Felipe Rivera (10 May 1971 – 1 October 1995) was a professional tennis player from Chile.[1]


Rivera, a semi-finalist in the 1989 Orange Bowl, was the top ranked Chilean junior in the 14s, 16s and 18s age categories.[2]

In 1991, Rivera reached the quarter-finals of the Banespa Open in São Paulo with wins over Martín Jaite and Jean-Philippe Fleurian.[2] At the French Open that year he came up against Dinu Pescariu in the first round and won the opening set, but lost the next two and had to retire hurt in the fourth set.[2] His only other Grand Slam appearance was in the US Open in 1992, where he lost a four set match in the first round to American Scott Davis.[2] He also qualified for the 1992 German Open (an ATP Super 9 event) and made the second round, after defeating Spaniard José Francisco Altur.[2] As a doubles player he had his best win on tour when he and partner Sergio Cortes defeated third seeds Tomás Carbonell and Byron Talbot at the 1993 Movistar Open.[2]

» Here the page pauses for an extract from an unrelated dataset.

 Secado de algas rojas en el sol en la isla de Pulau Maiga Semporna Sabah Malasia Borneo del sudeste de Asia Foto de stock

He played three ties for the Chile Davis Cup team during his career, the first in 1991, when he was aged only 19. In that tie he teamed up with Hans Gildemeister in the doubles and they defeated the Dominican pairing. In 1992 he appeared in Chile's tie against Cuba. He won the opening rubber, over Juan-Antonio Pino-Perez but Chile lost the other four matches, two of which Rivera played. The Chilean also participated in his country's tie against the Bahamas in 1993, which they lost 2-3. Rivera took on Roger Smith in the opening match and Mark Knowles in the final and deciding rubber, losing both.[3]

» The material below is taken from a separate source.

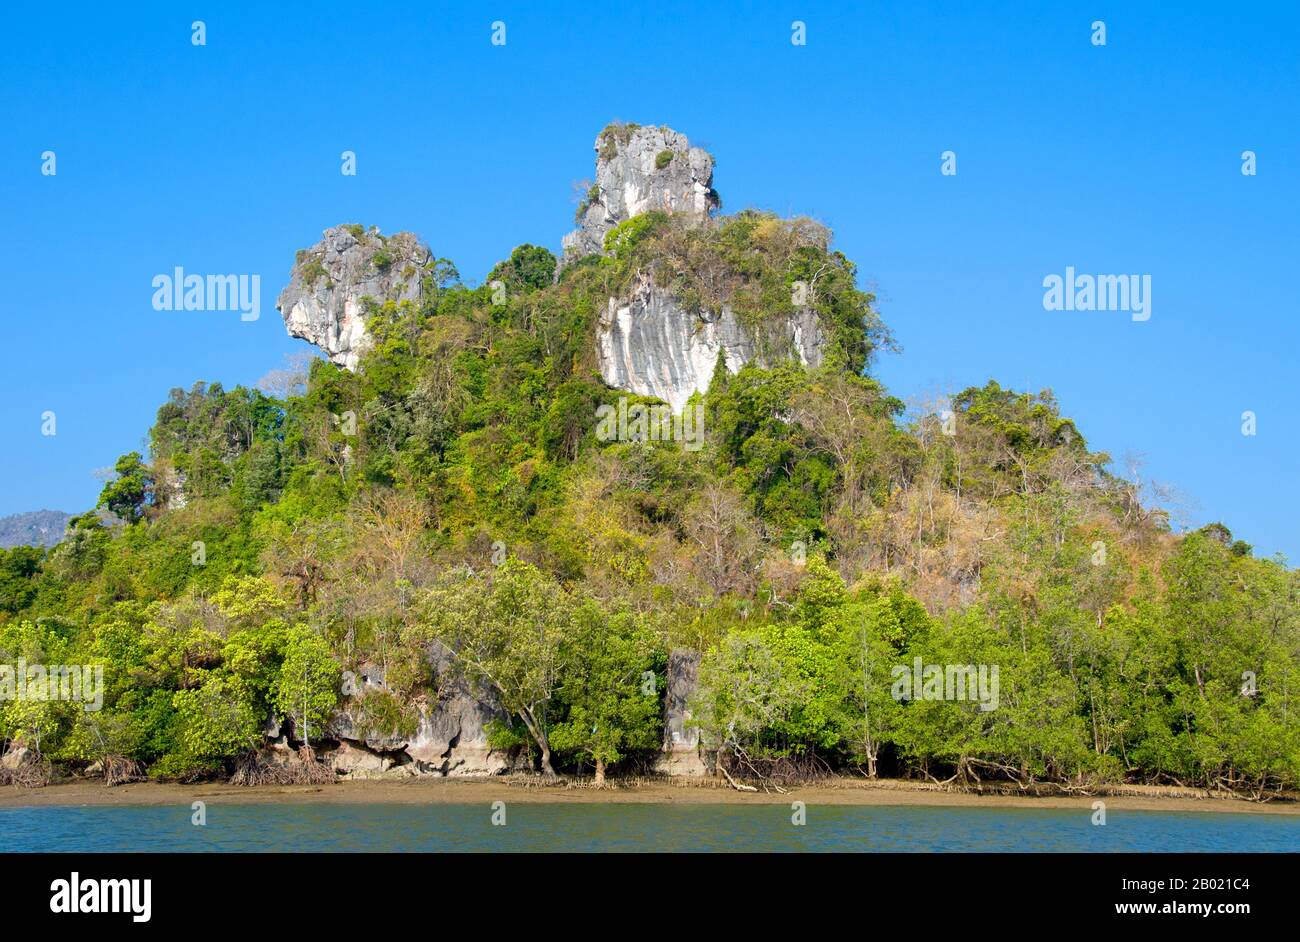 Inaugurato nel 1981, il Parco Nazionale di Ao Phang Nga copre un'area di circa 400 kmq ed è composto principalmente da rocce carsiche e isole, torreggianti scogliere e le acque cristalline del Mare di Phuket. Sebbene sia sede di un'ampia varietà di creature marine e costiere, tra cui il monitor dell'acqua lungo due metri, la maggior parte delle persone visita il parco per ammirare e navigare attraverso e intorno alle numerose torri carsiche che si profilano. Le mangrovie sono diversi tipi di alberi fino a media altezza e arbusti che crescono in habitat salini di sedimenti costieri nei tropici e nei subtropici - principalmente tra latitudini 25° N e 25° S. Foto Stock

Rivera was killed in a car crash on 1 October 1995.[4] At the time of his death he was still active on tour, having taken part in a Challenger tournament at Belo Horizonte in July.


  1. ^ ITF Tennis Profile
  2. ^ a b c d e f ATP World Tour Profile
  3. ^ Davis Cup Profile
  4. ^ Cavalla, Mario (2006). Historia del tenis en Chile, 1882-2006. Ocho Libros Editores.